What to work on:
The records must be duplicated exactly, with every picture left out.

Data shown:

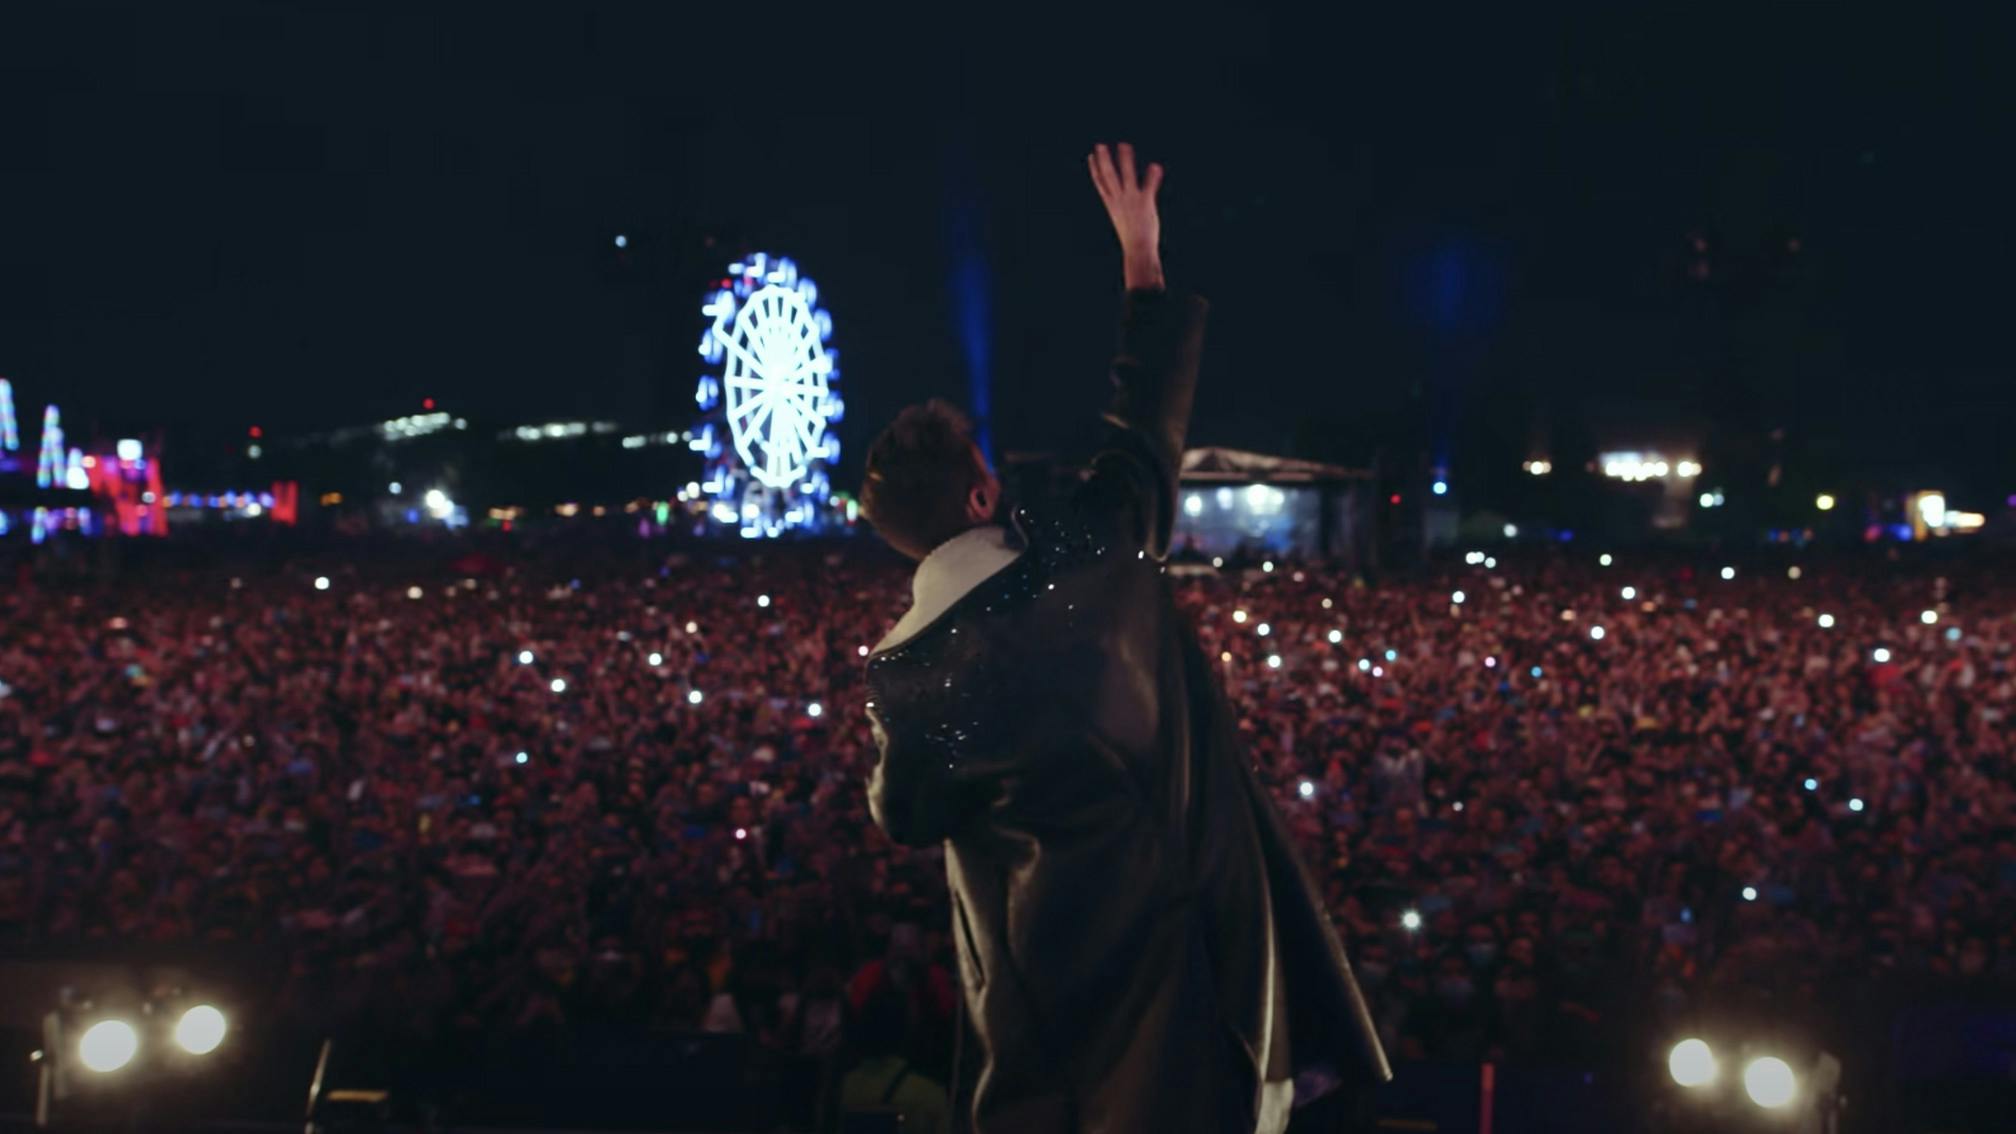 Watch twenty one pilots’ new live video for The Outside
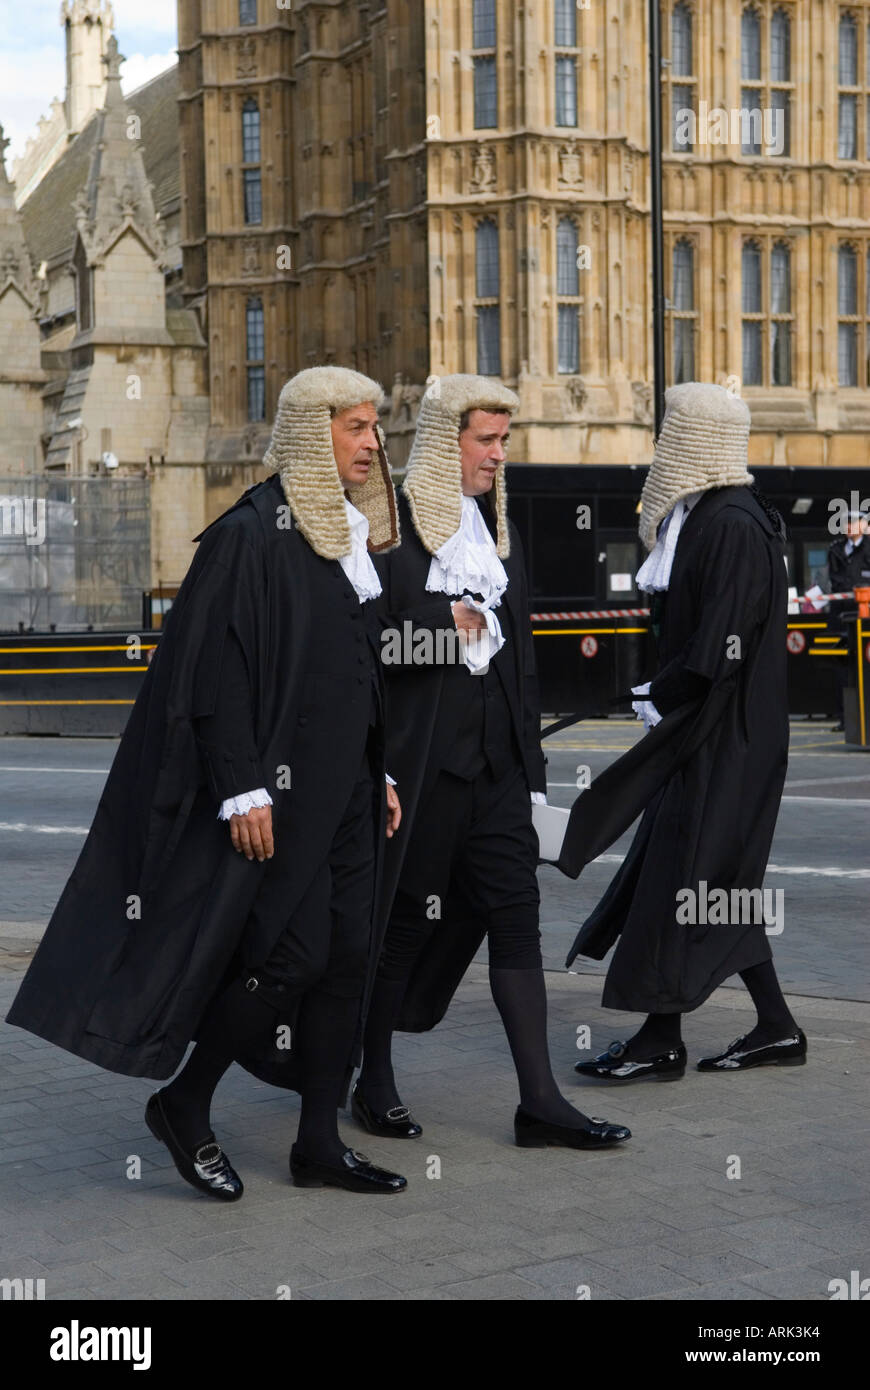 Lawyers Barristers Judges in wigs and gowns London, Lord Chancellors Breakfast. Westminster Uk England 2000s About turn, indecision a change of mind. Stock Photo
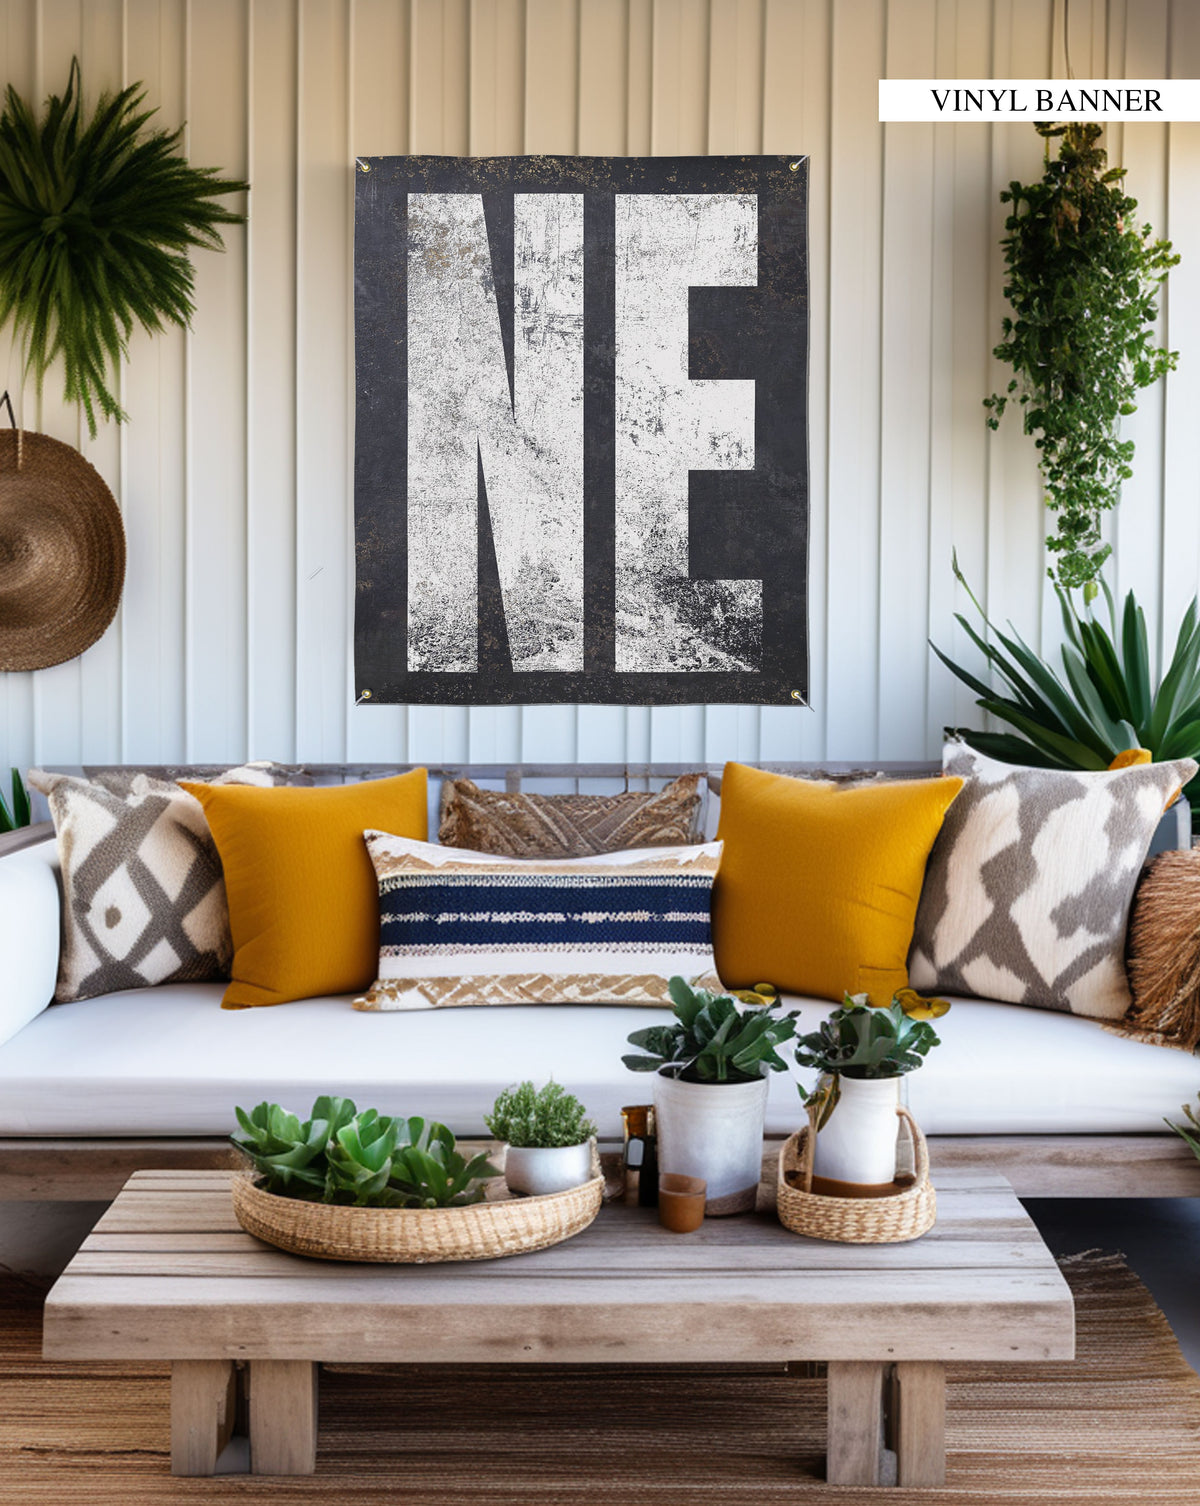 Western Decor Vinyl Banner for Nebraska Homes: Perfect for Backyard Bars, with a Touch of Farmhouse Charm.
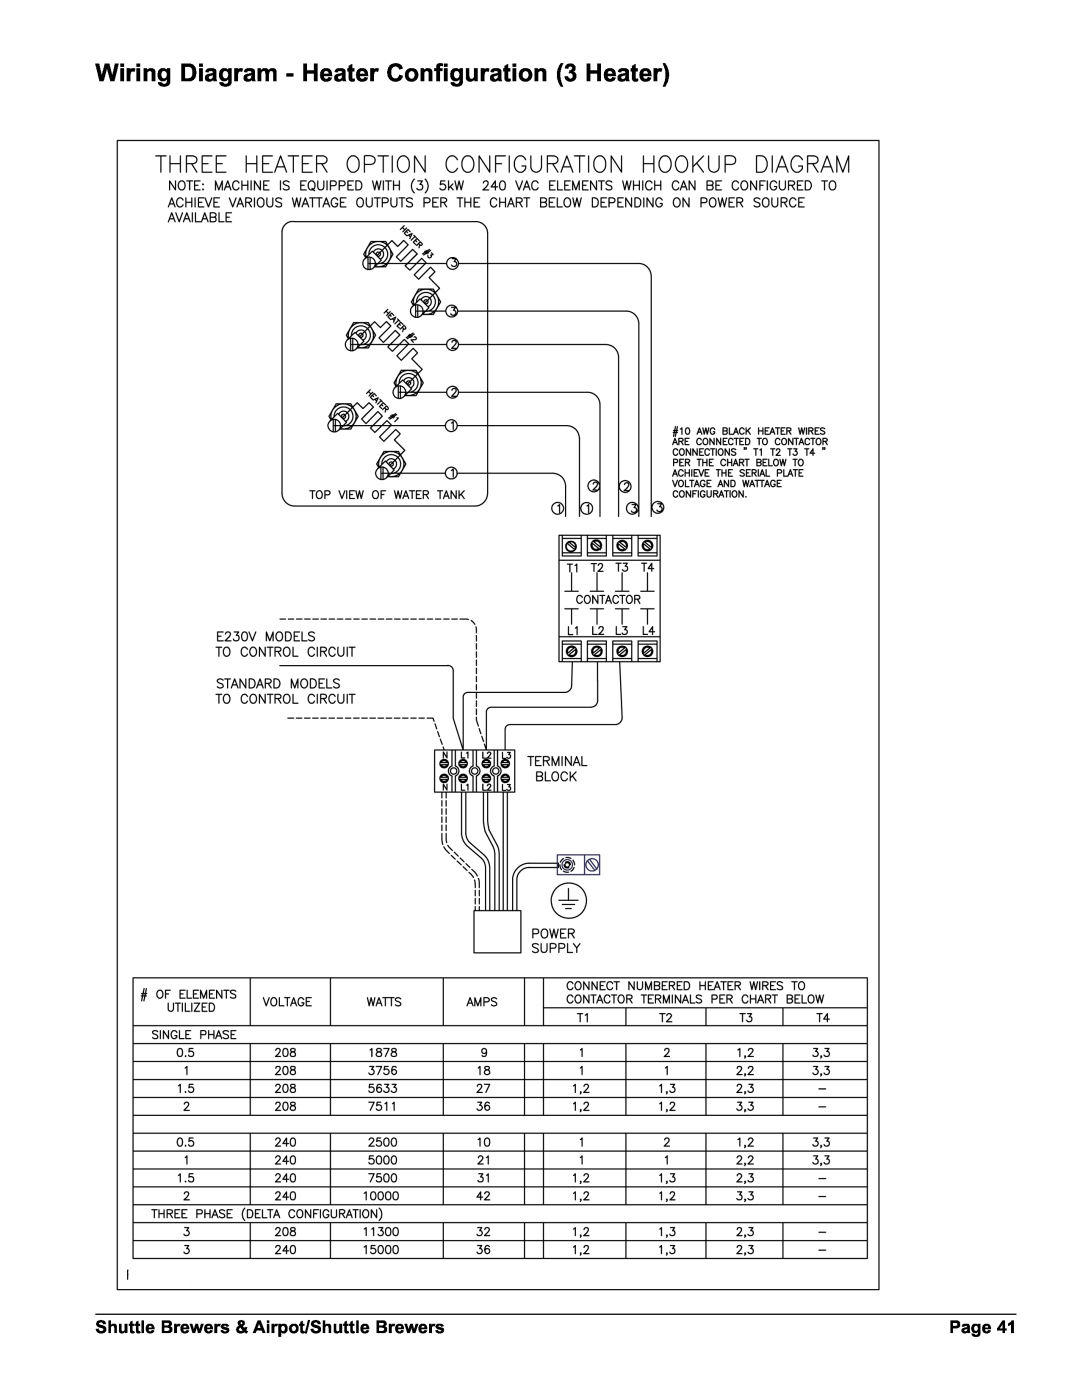 Grindmaster APB-330V2 Wiring Diagram - Heater Configuration 3 Heater, Shuttle Brewers & Airpot/Shuttle Brewers, Page 
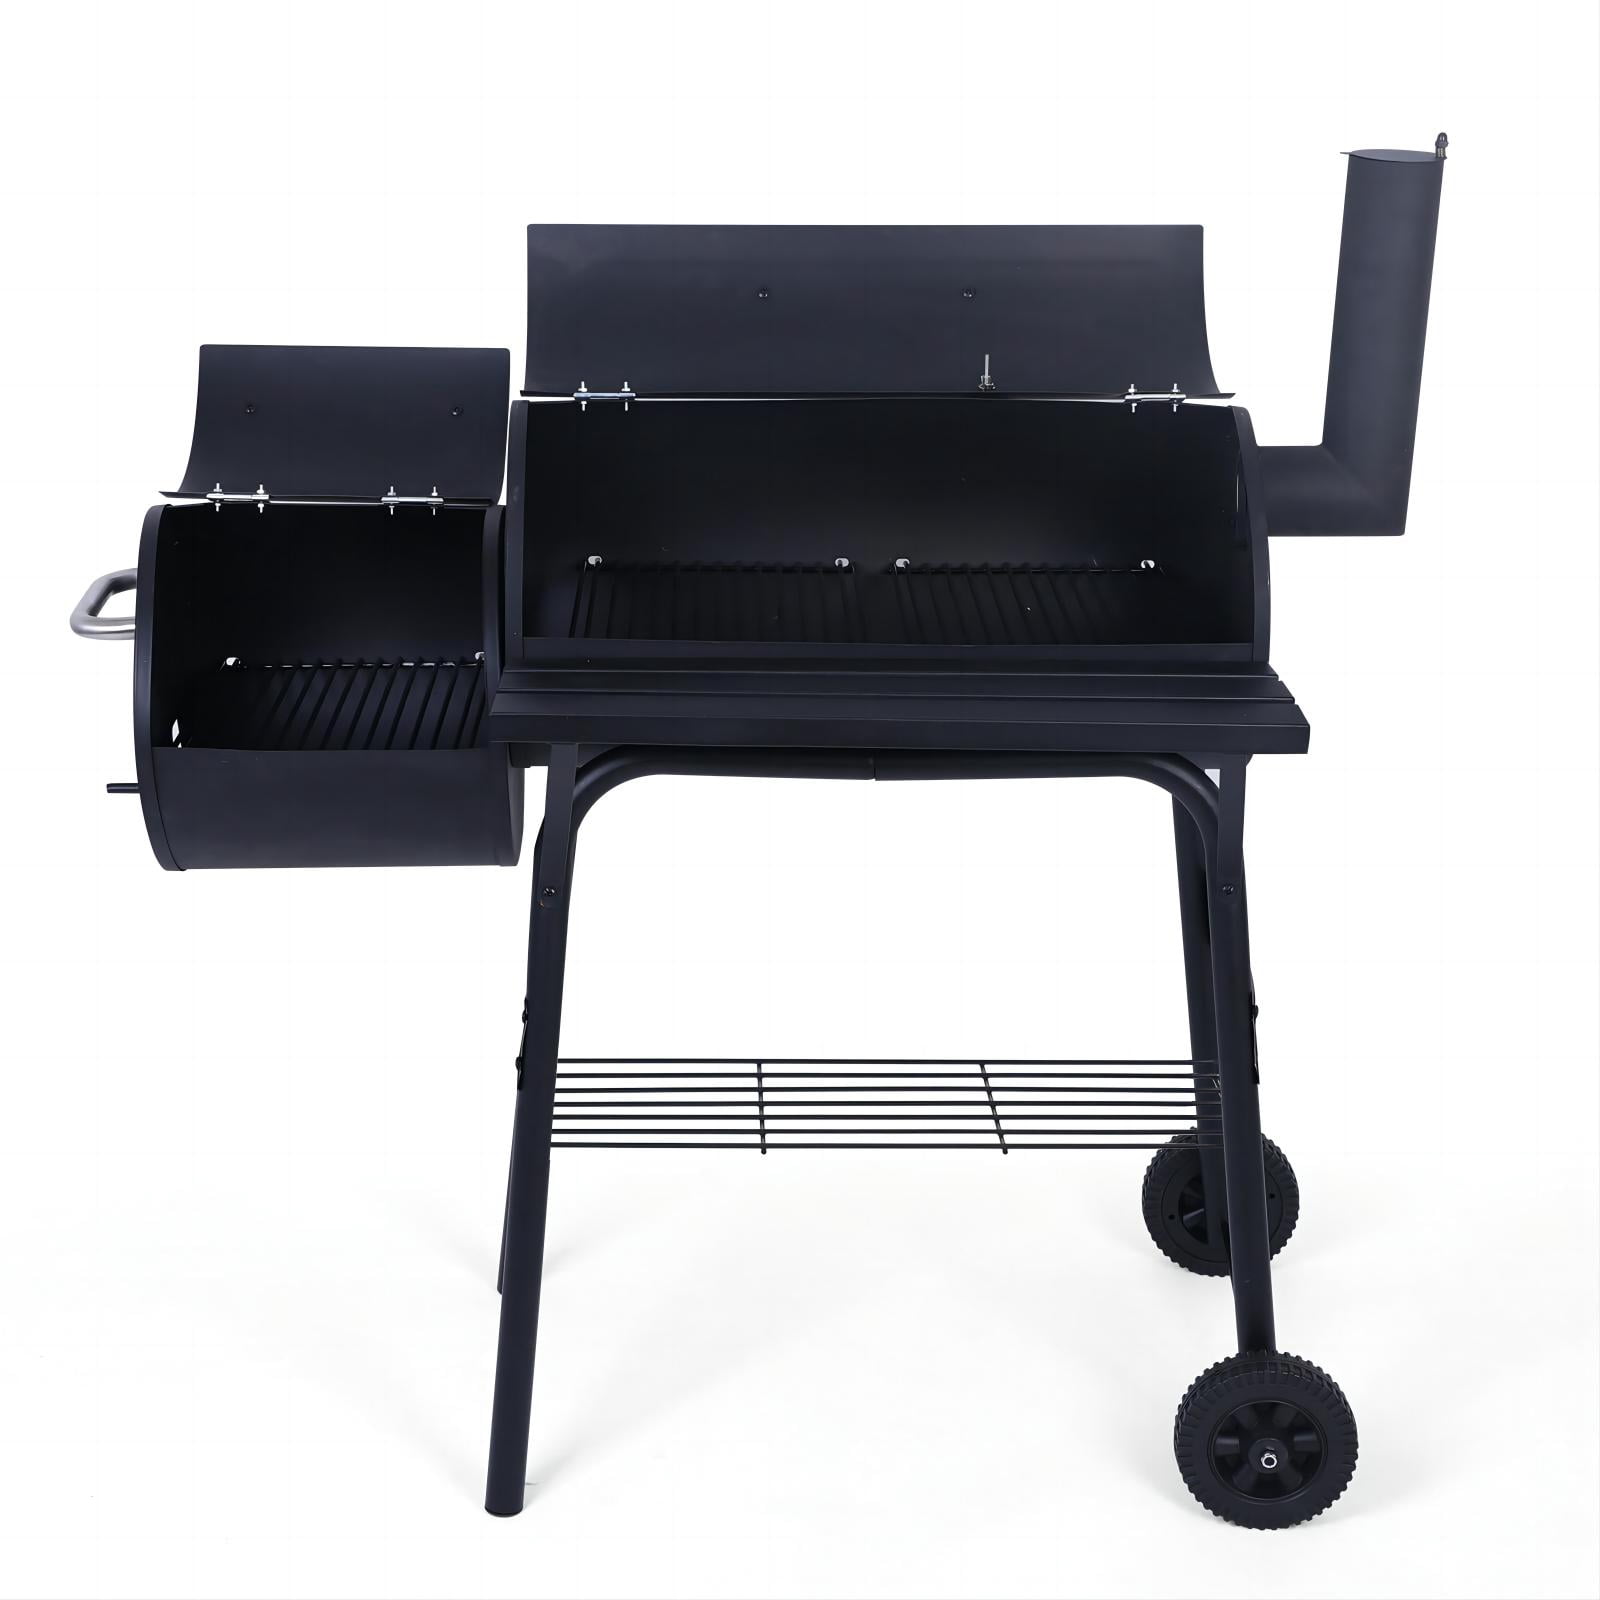 GMG Offset Wood Portable 219 Square Inches Smoker & Grill & Reviews

Output of the exercise:
 Watch twenty one pilots’ new live video for The Outside
 Lawyers Barristers Judges in wigs and gowns London, Lord Chancellors Breakfast. Westminster Uk England 2000s About turn, indecision a change of mind. Stock Photo
 Western Decor Vinyl Banner for Nebraska Homes: Perfect for Backyard Bars, with a Touch of Farmhouse Charm.
 Grindmaster APB-330V2 Wiring Diagram - Heater Configuration 3 Heater, Shuttle Brewers & Airpot/Shuttle Brewers, Page 
 GMG Offset Wood Portable 219 Square Inches Smoker & Grill & Reviews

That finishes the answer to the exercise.